The versions below were either tested or verified to be vulnerable by Talos or confirmed to be vulnerable by the vendor.
catdoc 0.95
catdoc - http://wagner.pp.ru/~vitus/software/catdoc/
8.4 - CVSS:3.1/AV:L/AC:L/PR:N/UI:N/S:U/C:H/I:H/A:H
CWE-190 - Integer Overflow or Wraparound
The catdoc command-line utility is used by several filesystem indexers in order to extract the textual content from a Microsoft Word document.
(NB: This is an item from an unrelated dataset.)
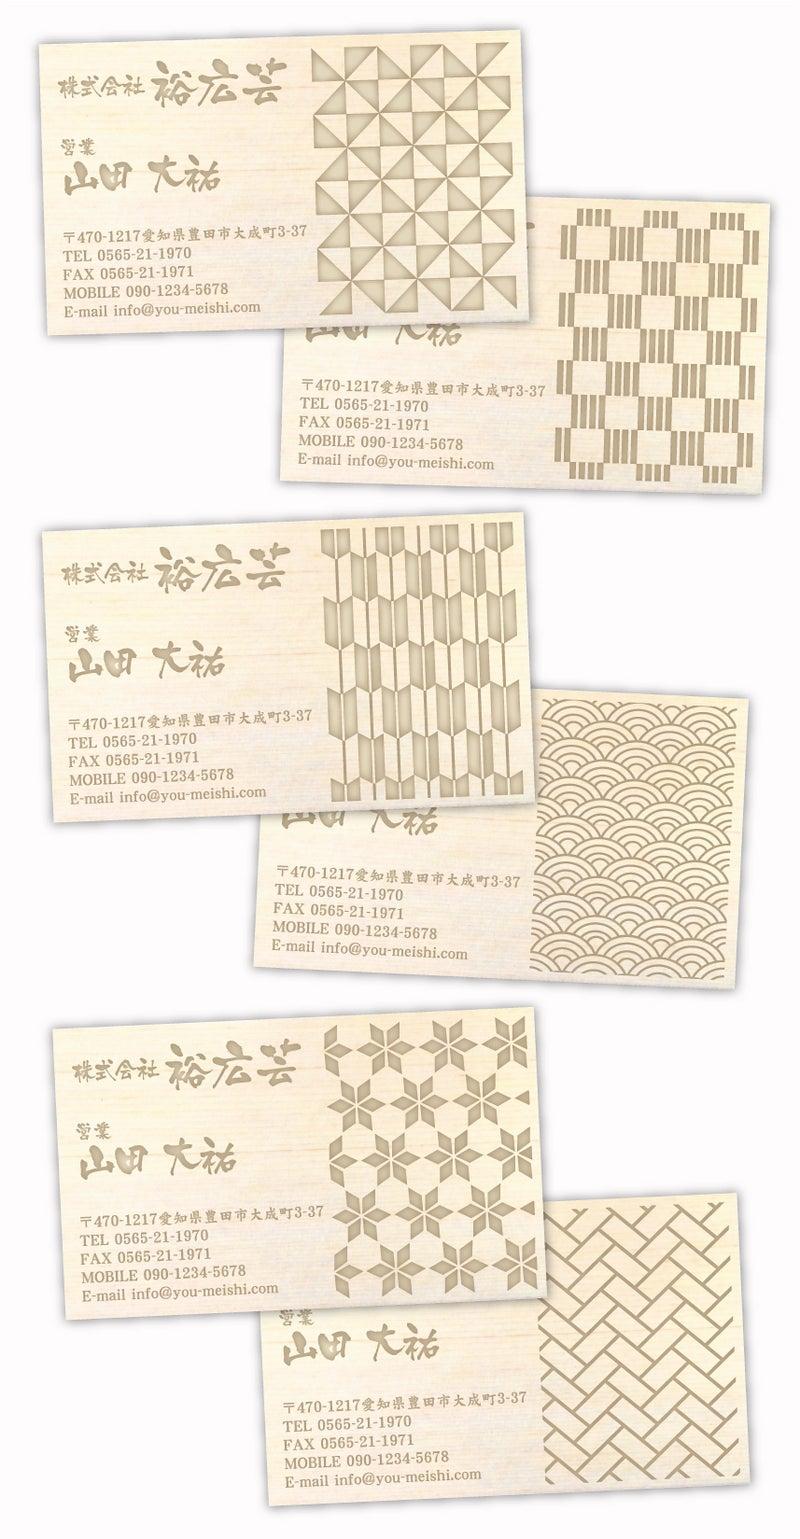 木の名刺 和柄 和柄名刺 和風名刺 名刺デザイン おしゃれな名刺 ウッドデザイン
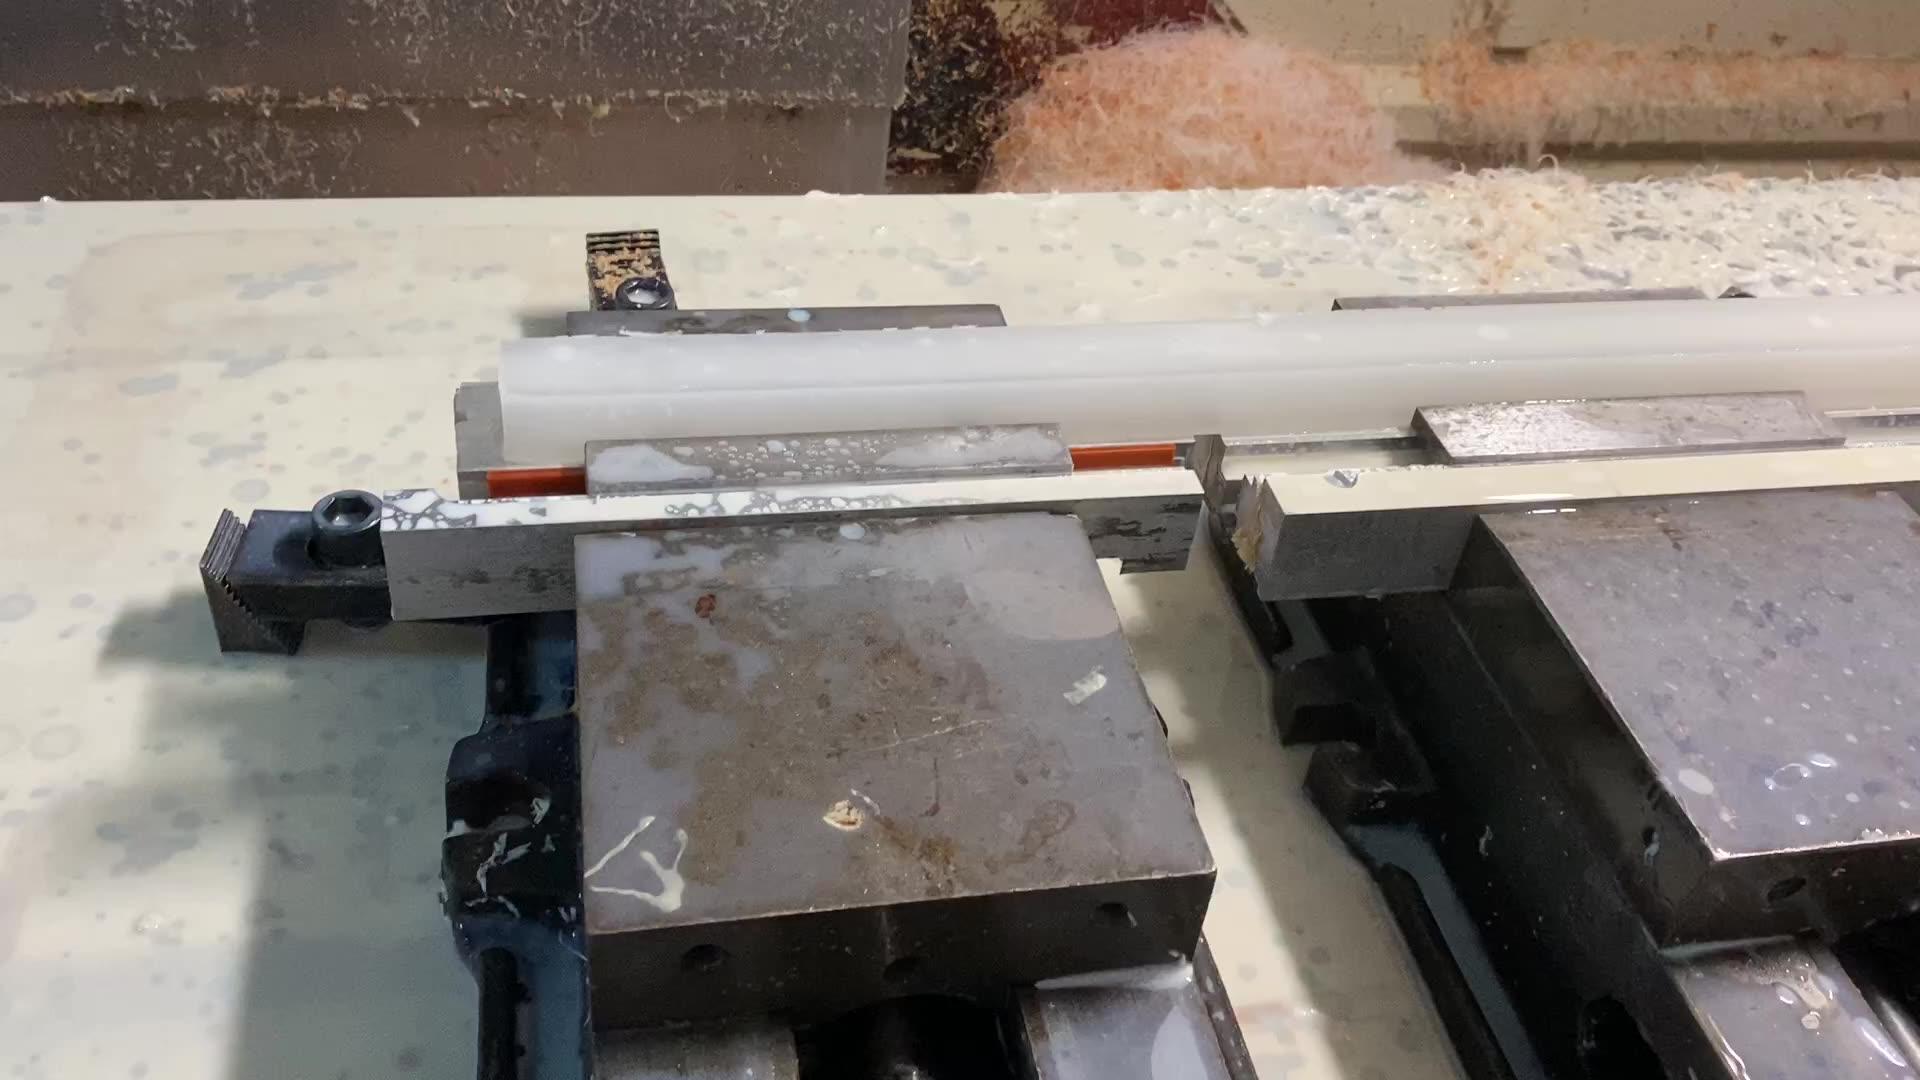 Schnelle lieferung Professional Factory Custom hochwertigen wasserdicht PP Zubehör CNC Kunststoff Teile

The purpose of this is to enable searching through the contents of documents that are stored on a filesystem.
The catdoc utilities are multiple open-source command-line tools that are designed to extract plaintext from the contents of various Microsoft Office documents. The catdoc
program supports file formats from Microsoft Word, with xls2csv
being used for Microsoft Excel, and the catppt
utility for Microsoft Powerpoint. This suite is used internally by several filesystem indexers such as KDE’s Baloo in order to provide full text search for the contents of documents to the user.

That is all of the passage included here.